Traditional Chinese medicine (TCM) provides novel insights into the development of treatments that may promote endometrial recovery after induced abortion. Zishen Yutai Pill (ZYP), which is composed of 15 Chinese herbal medicines (Table 1), has been used for the prevention of miscarriages in pregnant women experiencing threatened-abortion (Zhang et al. 2016). Studies have shown that some of the components of ZYPs contain abundant vitamin E, which can help embryo development. Gao et al. (2015) found that ZYPs can increase the expression of VEGF to promote endometrial blood supply, thereby increasing the level of serum progesterone and improving the endometrial environment. Furthermore, Gao et al. (2015) reported that ZYPs can improve endometrial receptivity via the upregulation of homeobox gene A10 (HOXA10), a marker of endometrial receptivity. Endometrial receptivity is the key to embryo implantation. A reduction in endometrial receptivity can lead to recurrent miscarriages, which may explain why ZYPs are used to treat recurrent abortions.

Table 1.

Detailed information about the components of ZYP.

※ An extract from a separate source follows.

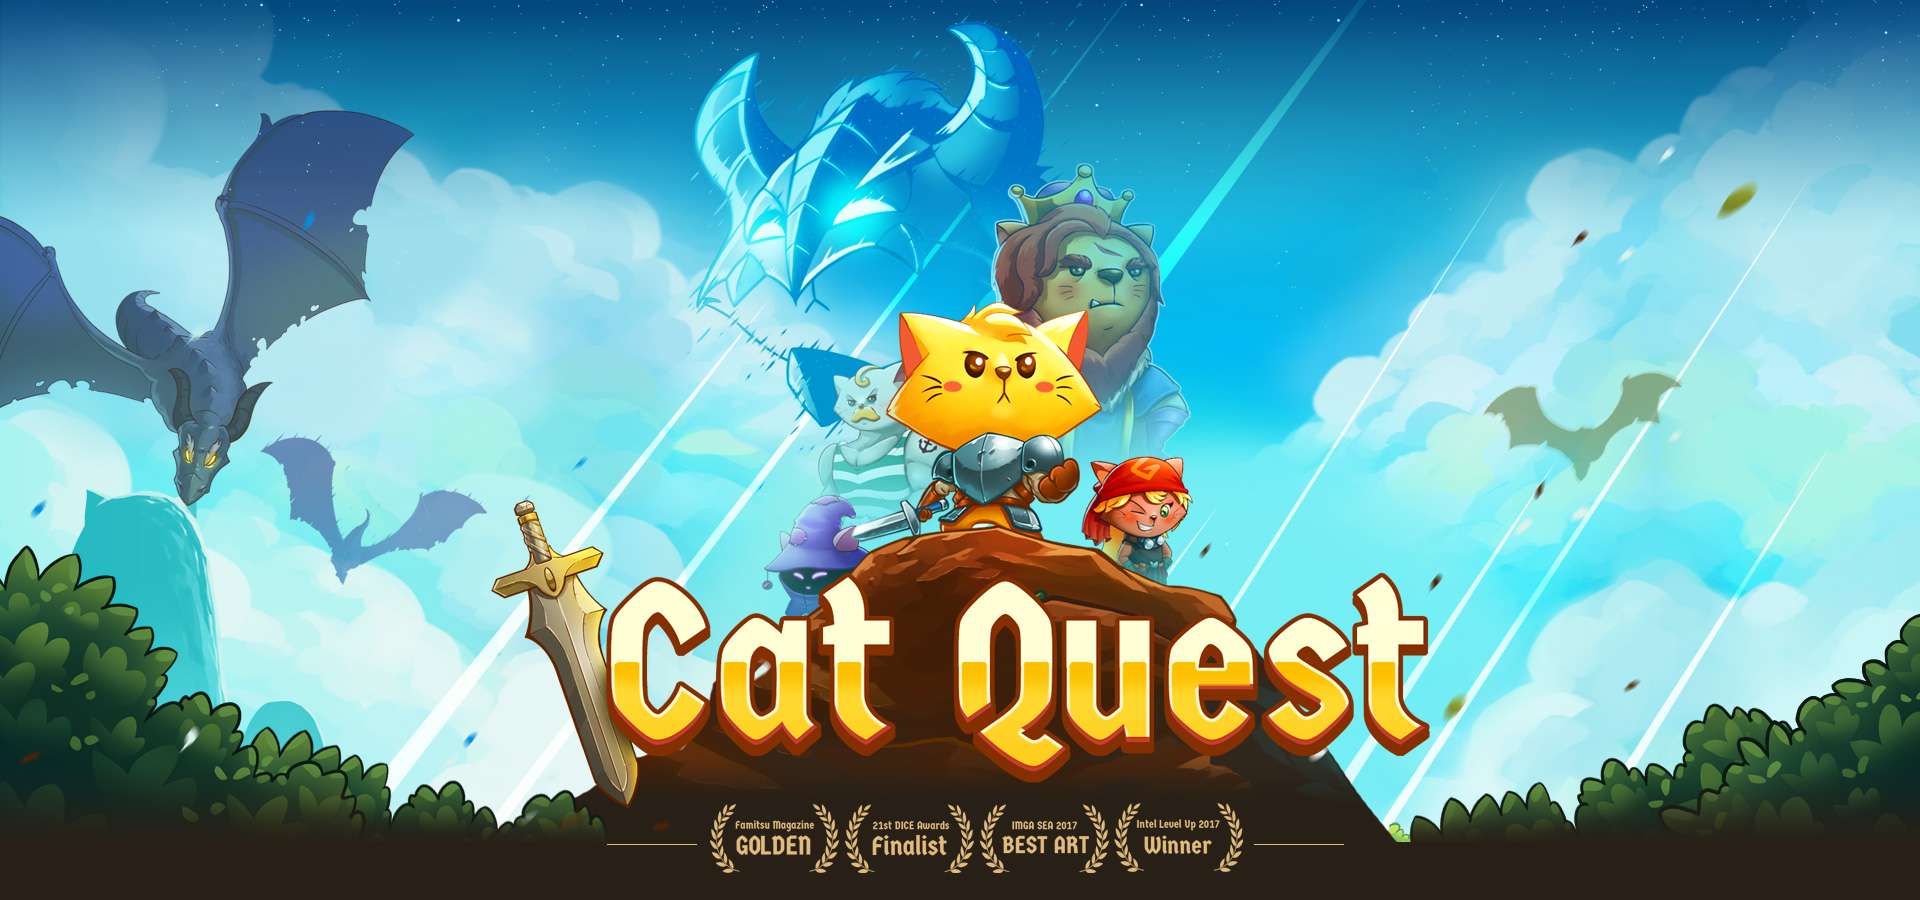 Cat Quest, czyli miautastyczna podróż.

No	Latin name	English name	Chinese name
01	Cuscuta Chinensis Lam.	Cuscutae Semen	Tusizi
02	Panax ginseng C. A. Mey.	Ginseng Radix et Rhizoma	Renshen
03	Amomum villosum Lour.	Amomi Fructus	Sharen
04	Rehmannia glutinosa (Gaertn.) DC.	Rehmanniae Radix Praeparata	Shudihuang
05	Taxillus chinensis (DC.) Danser	Taxilli Herba	Sangjisheng
06	Asini Corii Colla	Asini Corii Colla	Ejiao
07	Polygonum multiflorum Thunb.	Polygoni multiflori Radix Praeparata	Zhiheshouwu
08	Artemisia argyi H. Lév. & Vaniot	Artemisiae argyi Folium	Aiye
09	Morinda officinalis How.	Morindae officinalis Radix	Bajitian
10	Atractylodes macrocephala Koidz.	Atractylodis macrocephalae Rhizoma	Baizhu
11	Codonopsis pilosula (Franch.) Nannf.	Codonopsis Radix	Dangshen
12	Cervus nippon Temminck	Cervi Cornu Degelatinatum	Lujiaoshuang
13	Lycium barbarum L.	Lycii Fructus	Gouqizi
14	Dipsacus asper Wall. ex DC.	Dipsaci Radix	Xuduan
15	Eucommia ulmoides Oliv.	Eucommiae Cortex	Duzhong

A significant advantage of ZYP is its safety and lack of side effects. Studies have shown that ZYP exhibits no reproductive toxicity on fertility and early embryonic development in rats; additionally, no chronic hepatotoxicity has been observed after the administration of ZYPs (Zhou et al. 2016; Xing et al. 2017). Since treatment with ZYPs can promote endometrial blood supply and improve endometrial receptivity, whether ZYPs can facilitate endometrial recovery and restore fertility in rats after induced abortion, is an interesting topic of research.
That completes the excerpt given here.